The job outlook for CHROs is strong at a 5 percent average growth between 2022 and 2032 [1]. According to Glassdoor, the estimated total pay for a CHRO in the US is $290,330 per year [2]. This figure includes an average base salary of $168,064 and $122,266 in additional pay. Additional pay may represent profit-sharing, commissions, or bonuses.

Common responsibilities of a chief human resources officer 

A CHRO can work in any number of business settings and either in private or public companies. You could also work with an independent HR provider. Larger health care, government, financial, and educational enterprises are more likely to have CHRO roles.

As a CHRO, expect to perform these tasks:

  • Plan and implement change.

  • Set policy for hiring, mentoring, developing, rewarding, and promoting talent. 

  • Manage compliance, performance, benefits, and payroll.

  • Be accountable for employee well-being, development, and professional success.

  • Foster organization-wide communications. 

  • Help value short-term costs versus long-term value of investing in human resources.

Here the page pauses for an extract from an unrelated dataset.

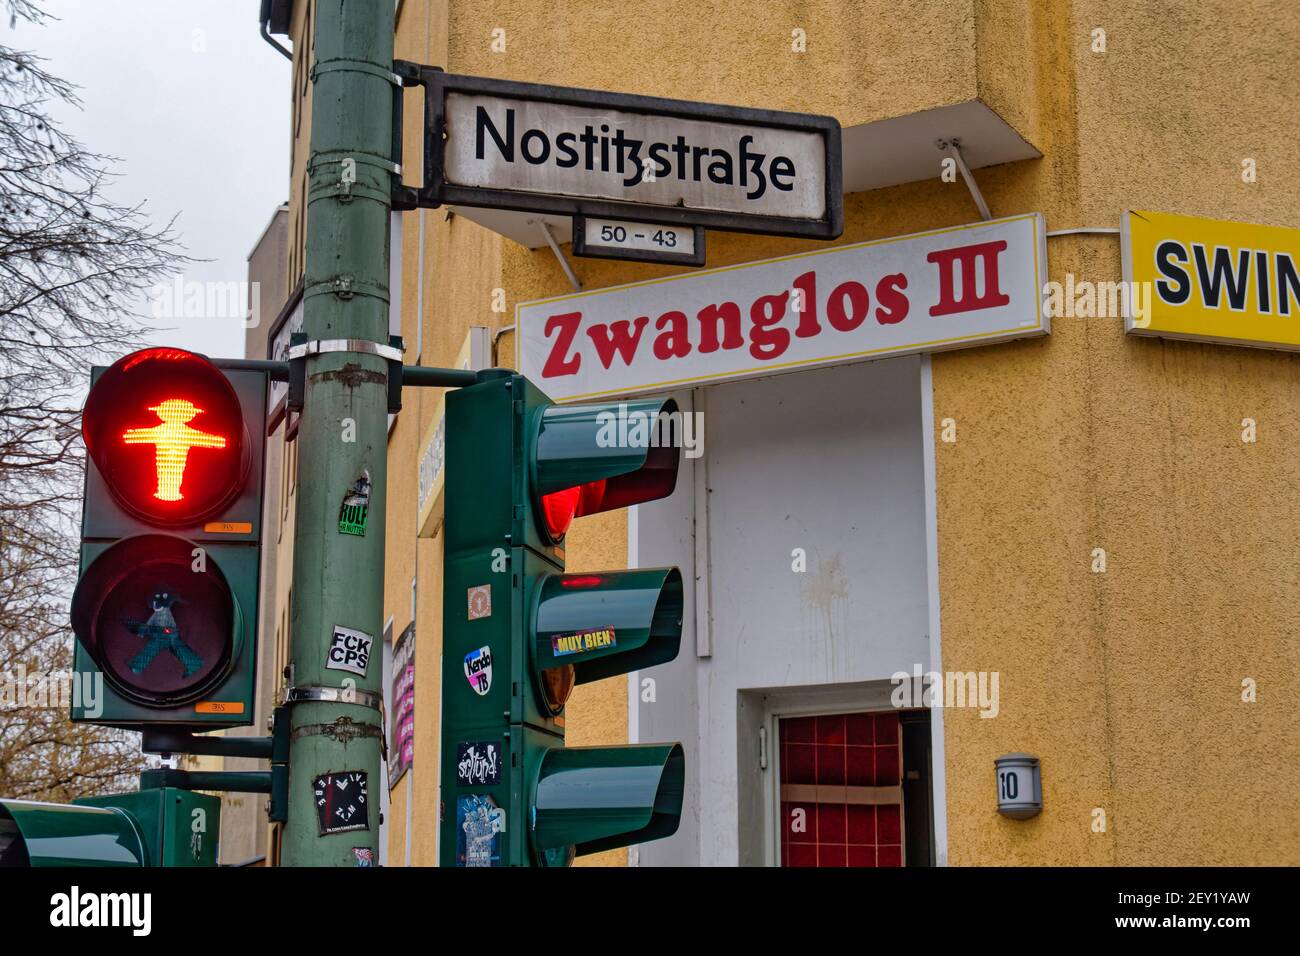 Swinger Club Zwanglos III , geschlossen im Corona Lockdown, Kreuzberg, rote Ampel, Symbolbild, Berlin Banque D'Images
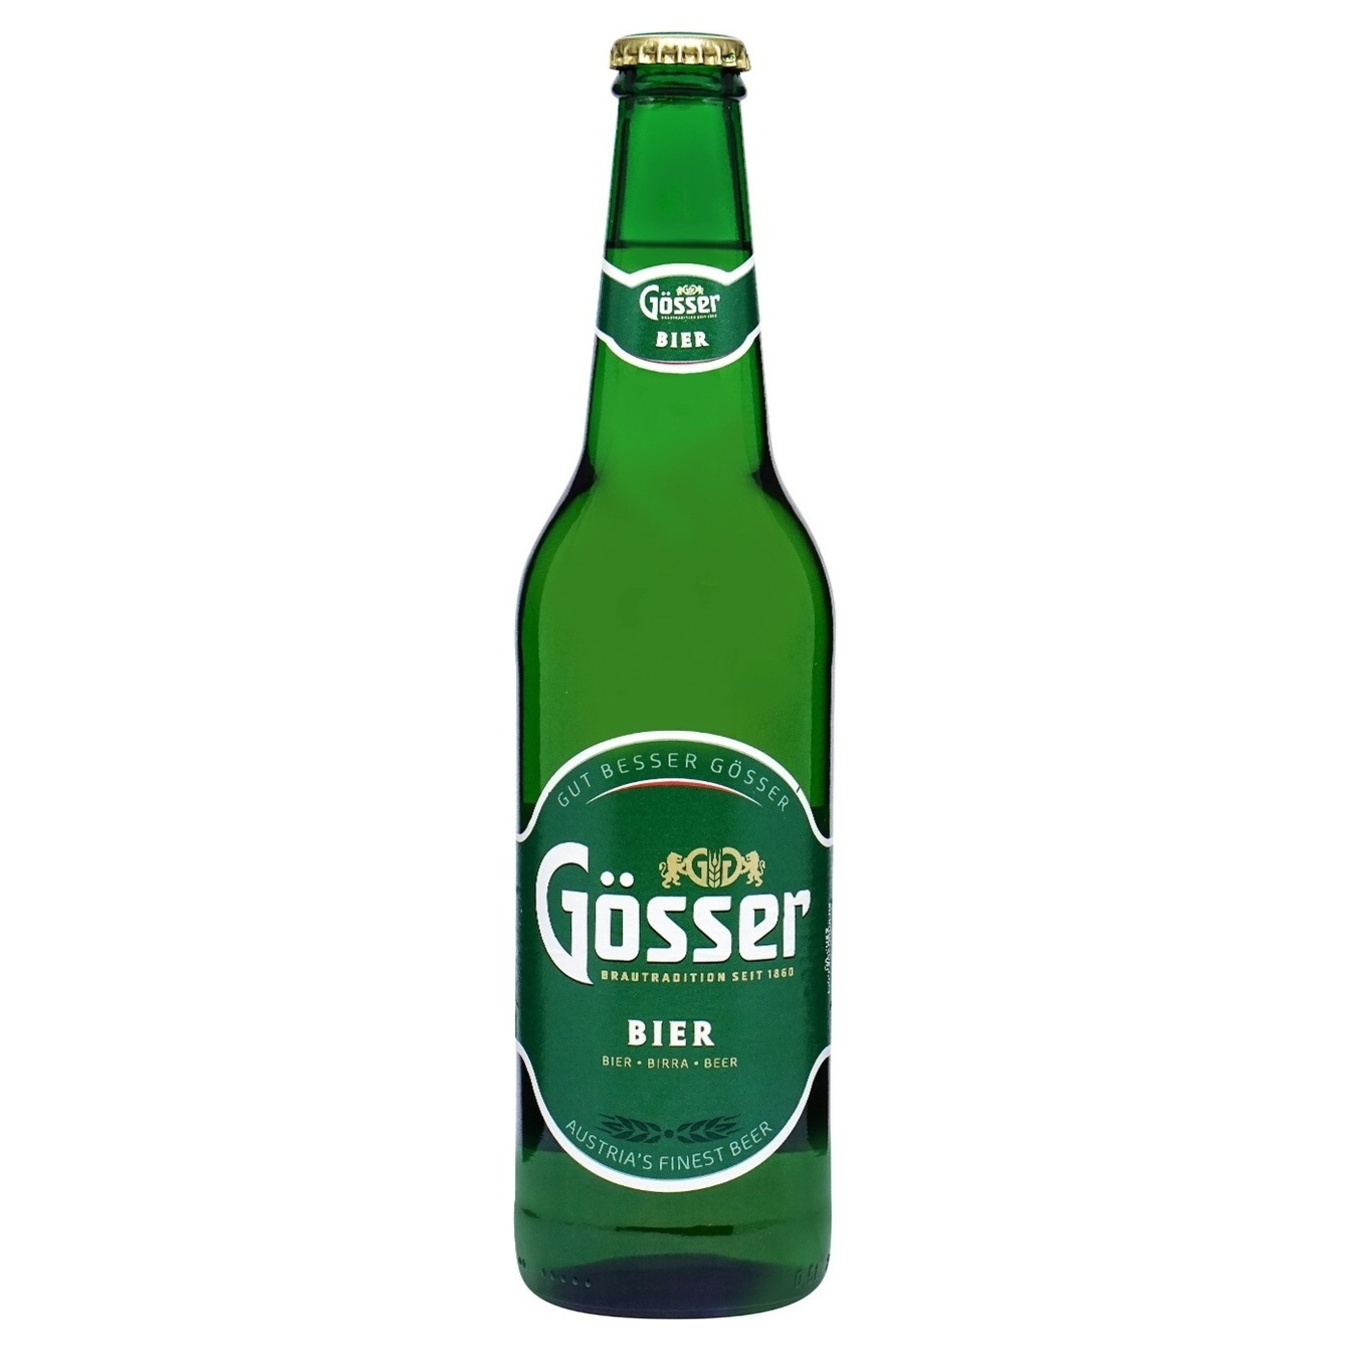 Пиво Gosser светлое 5,2% 0,5л

  • Foster diversity and equity in the workplace. 

Key skills CHROs need 

As a leader in the human resources area, the CHRO needs to have a number of technical and workplace skills. These abilities can include a range of the following.

Technical skills 

To be a CHRO, you’ll need to demonstrate a range of technical skills. These could include proficiency in:

  • Accounting and finance

  • Business data and analytics

  • Employment law

  • Ethical business practices

  • Global and cultural awareness

  • Leadership and management

  • Project management 

  • Technology

Workplace skills

A CHRO should also excel in: 

  • Analysis

  • Attention to detail

  • Communication (verbal and written) 

  • Conflict resolution

  • Organization

  • Problem-solving

Read more: Management Concepts Every Aspiring Manager Should Know 

How to become a CHRO

There are many paths to becoming a chief human resources officer that don’t require an HR background. However, this article will focus on the traditional route to becoming a CHRO.

Earn a bachelor’s degree. 

A CHRO’s career path typically begins with a bachelor’s degree and will later require extensive education. A Master of Business Administration (MBA) or a Master of Science or Arts in human resources or a related field can help you land in the CHRO seat.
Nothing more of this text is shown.